Process Understanding. Once process elements have been defined, it must be ensured that the process author understands how those individual elements get composed into process controllers. Interestingly, the process author here can be the end-user themselves, as well as the usual developer or admin of the process.

  • In [27], authors introduced a vocabulary for triaging composed processes iteratively through a mixture of foils, landmarks (i.e. necessary steps), and abstractions. In this paradigm, the domain author fixes problems in the most simple abstraction of a process and then tests them in the fully composed process by querying it with “foils” or instantiations of the process that they feel should (or should not) be supported by the automated composition.

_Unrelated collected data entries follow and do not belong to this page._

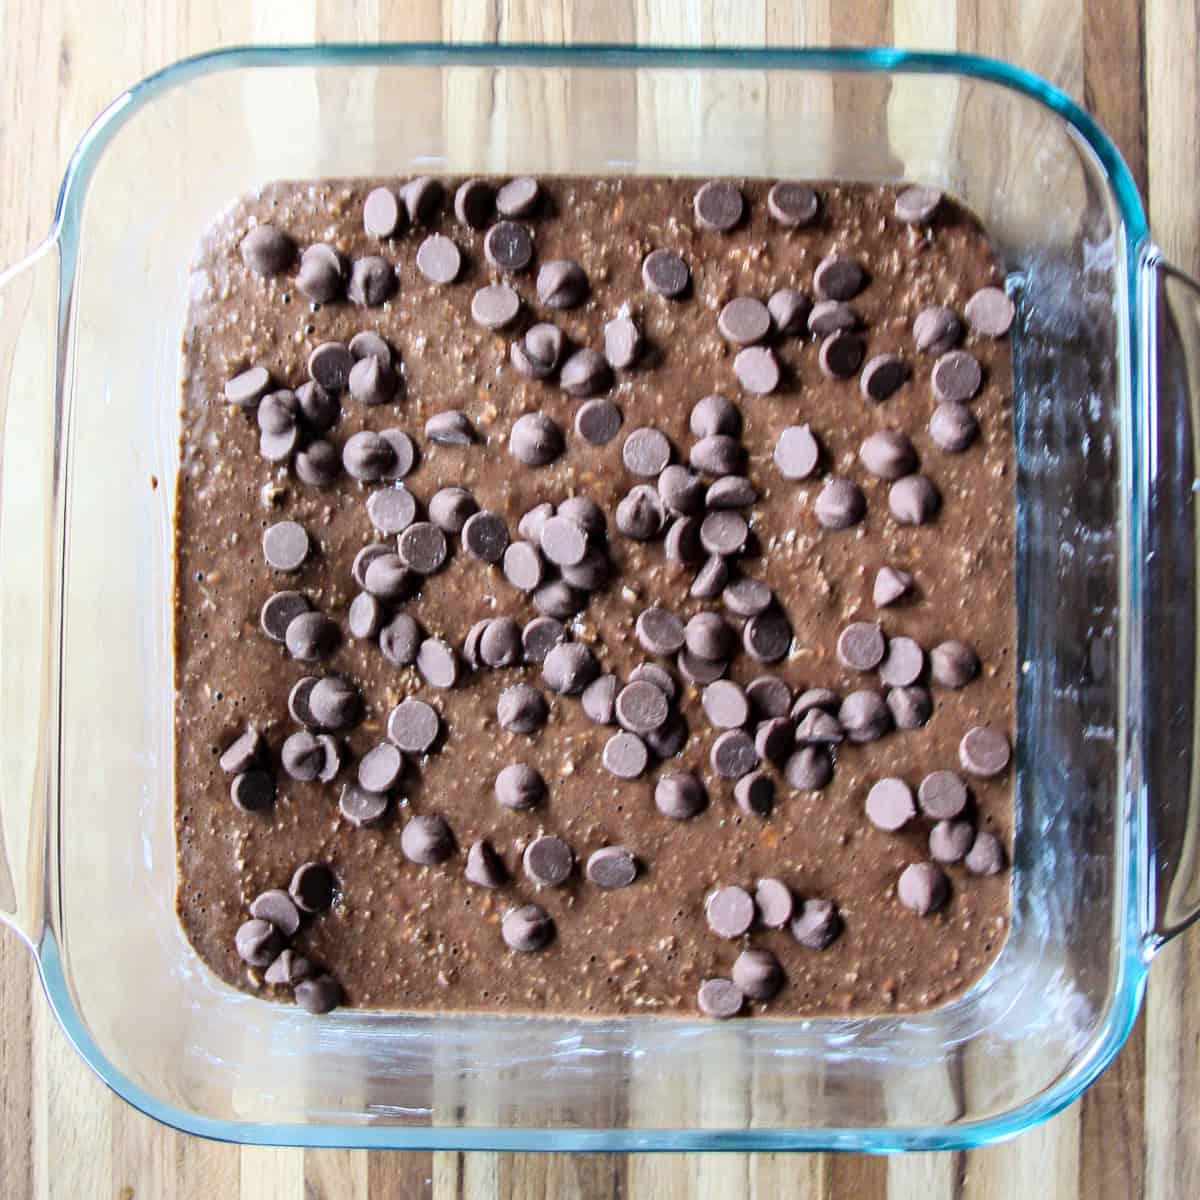 The batter spread into a glass baking dish and sprinkled with chocolate chips.
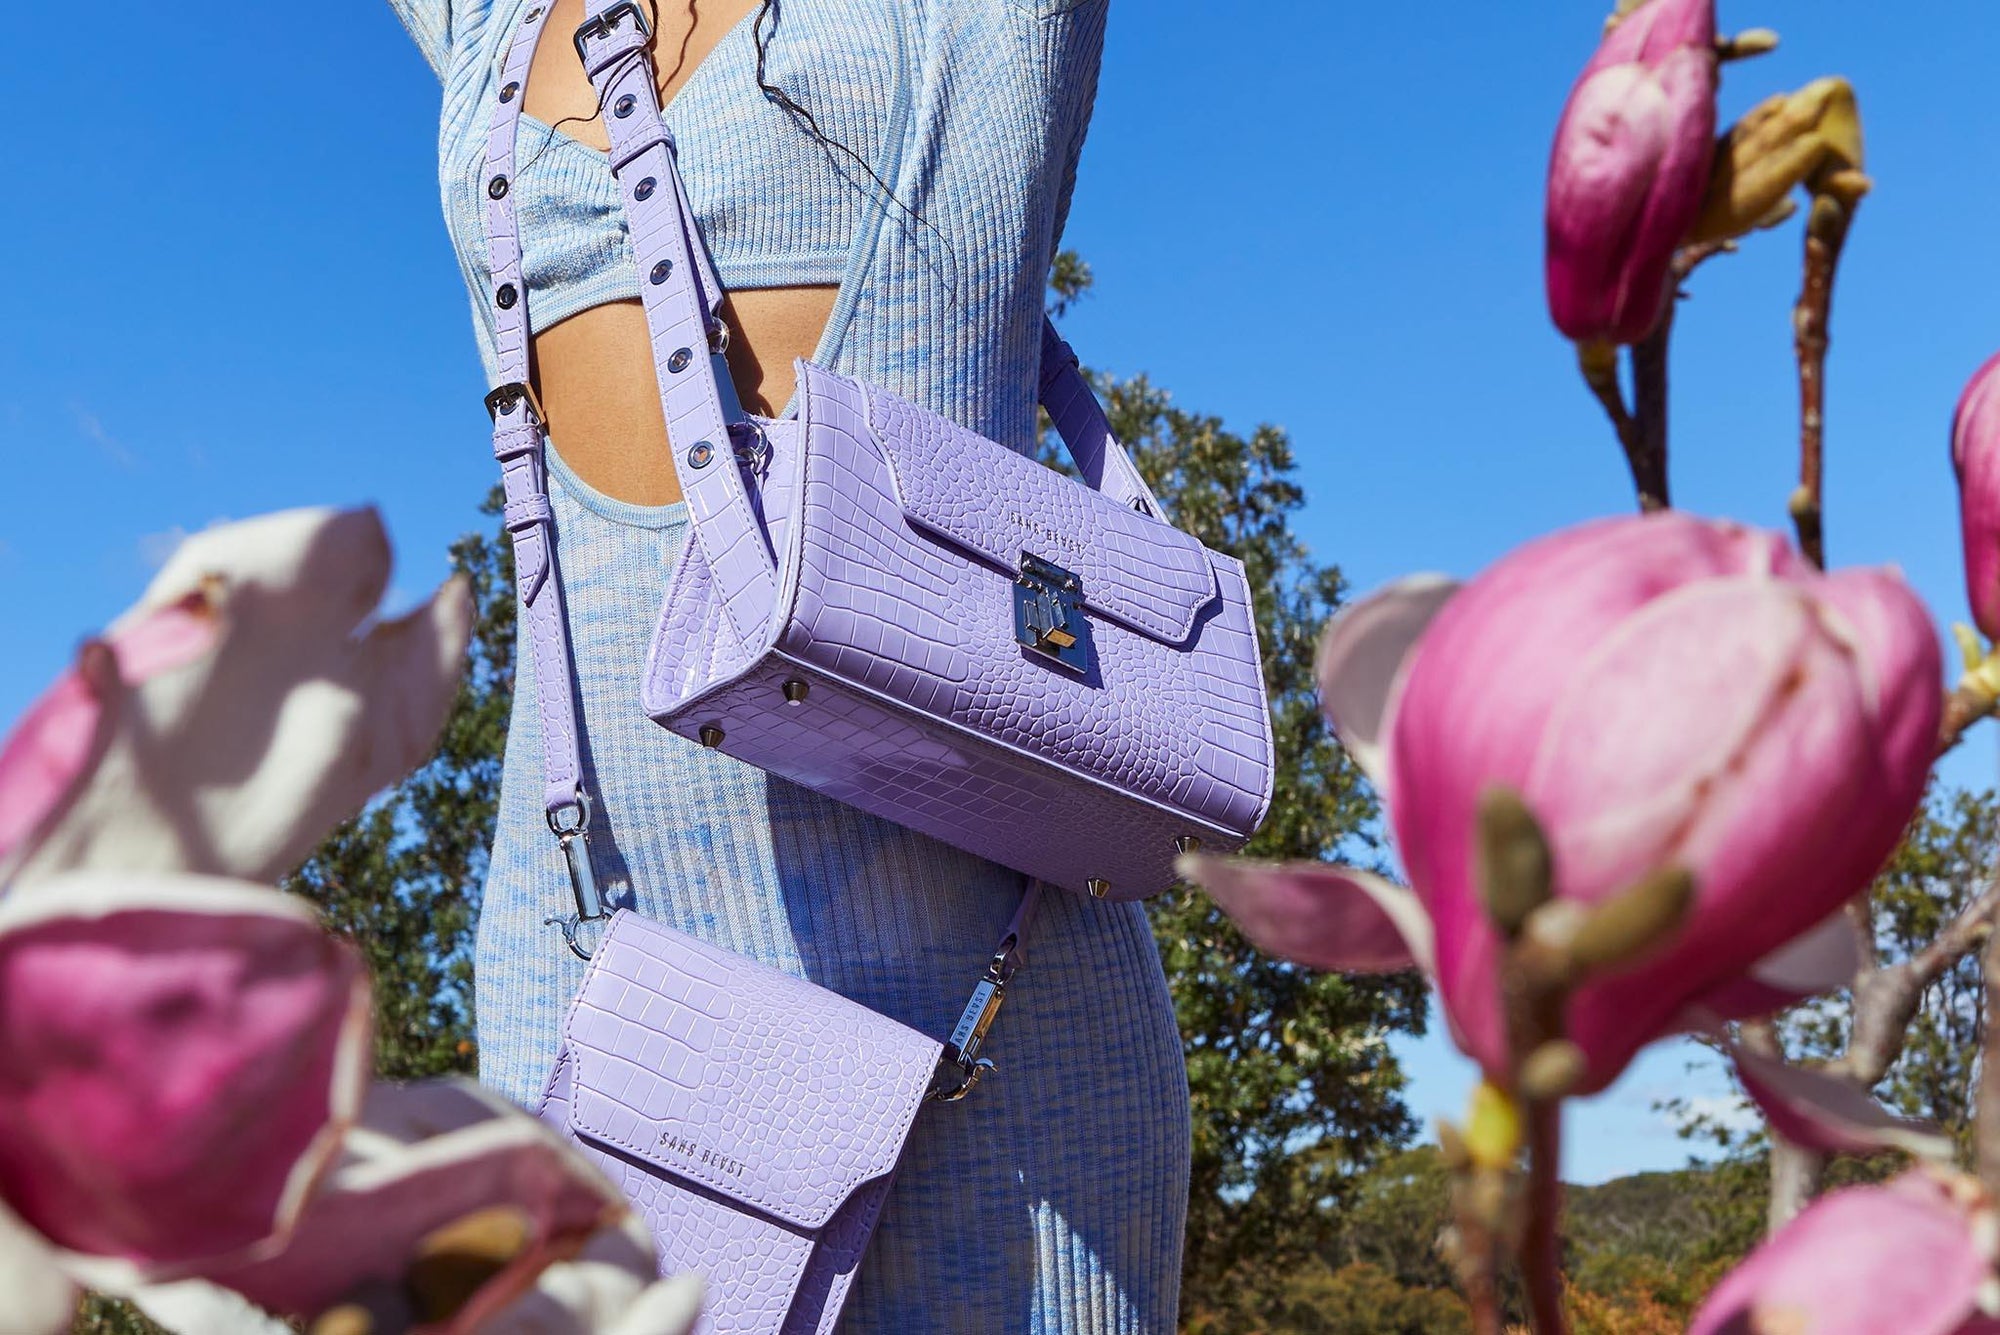 A woman wearing a light blue cutout dress and two lilac handbags reaching up to a bright blue sky.  She is surrounded by pink magnolia flowers.
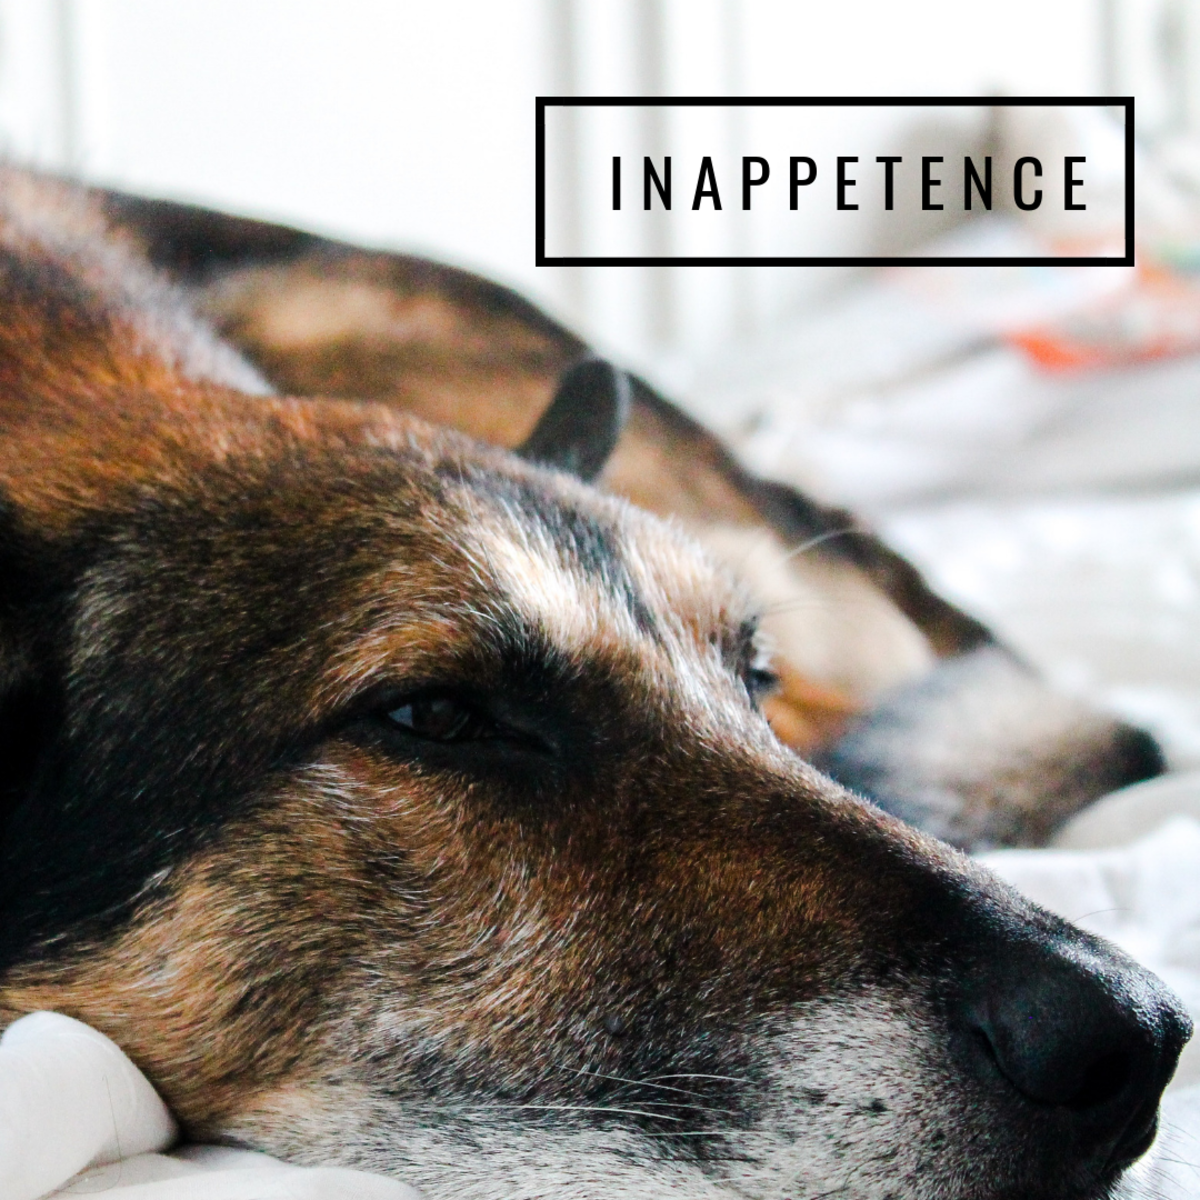 Inappetence is a common side effect of terminal or chronic illness and old age.
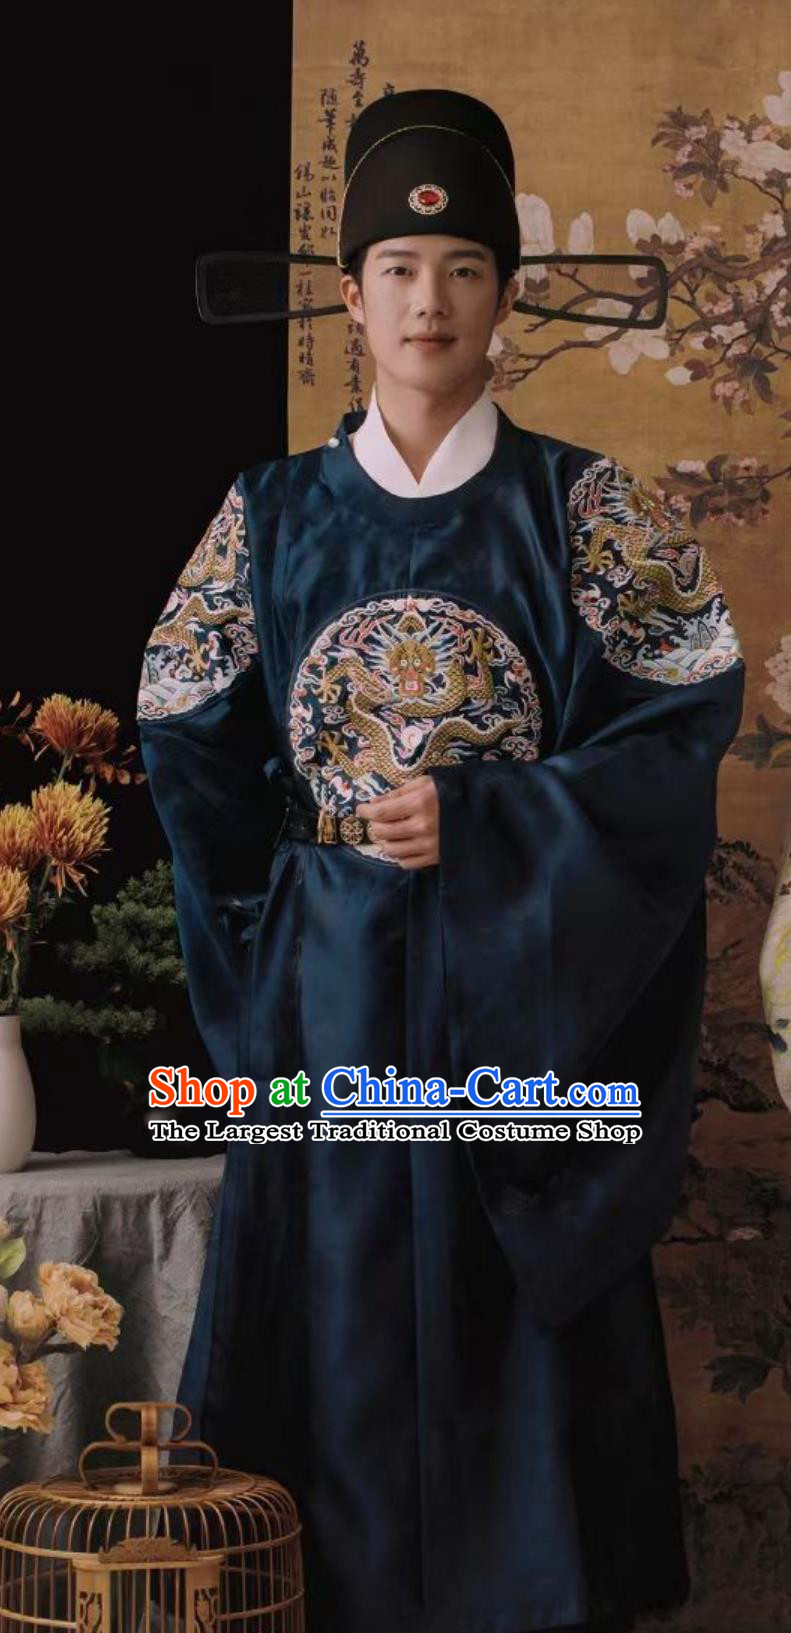 Traditional Hanfu Man Wedding Clothing Ancient Chinese Ming Dynasty Costumes Blue Official Robe Online Buy

  • In [28], on the other hand, the explanations are for the end-user who wants to explore the inner workings of an “aggregated assistant” composed on the fly – by asking how certain things were done and why. Interestingly, such explanations are sometimes just a feature that is good to have (in terms of increased transparency and establishment of common grounds with the user) but they may also be required by law (e.g. GDPR rules may require establishing provenance and necessity of data flow in certain cases).

3 Conclusions

This concludes a whirlwind overview of the applications of planning for BPM. We encourage the reader to follow-up for more details with related surveys [6, 14, 30] and our tutorial on this topic at BPM 2021: ibm.biz/bpm-2021-tutorial.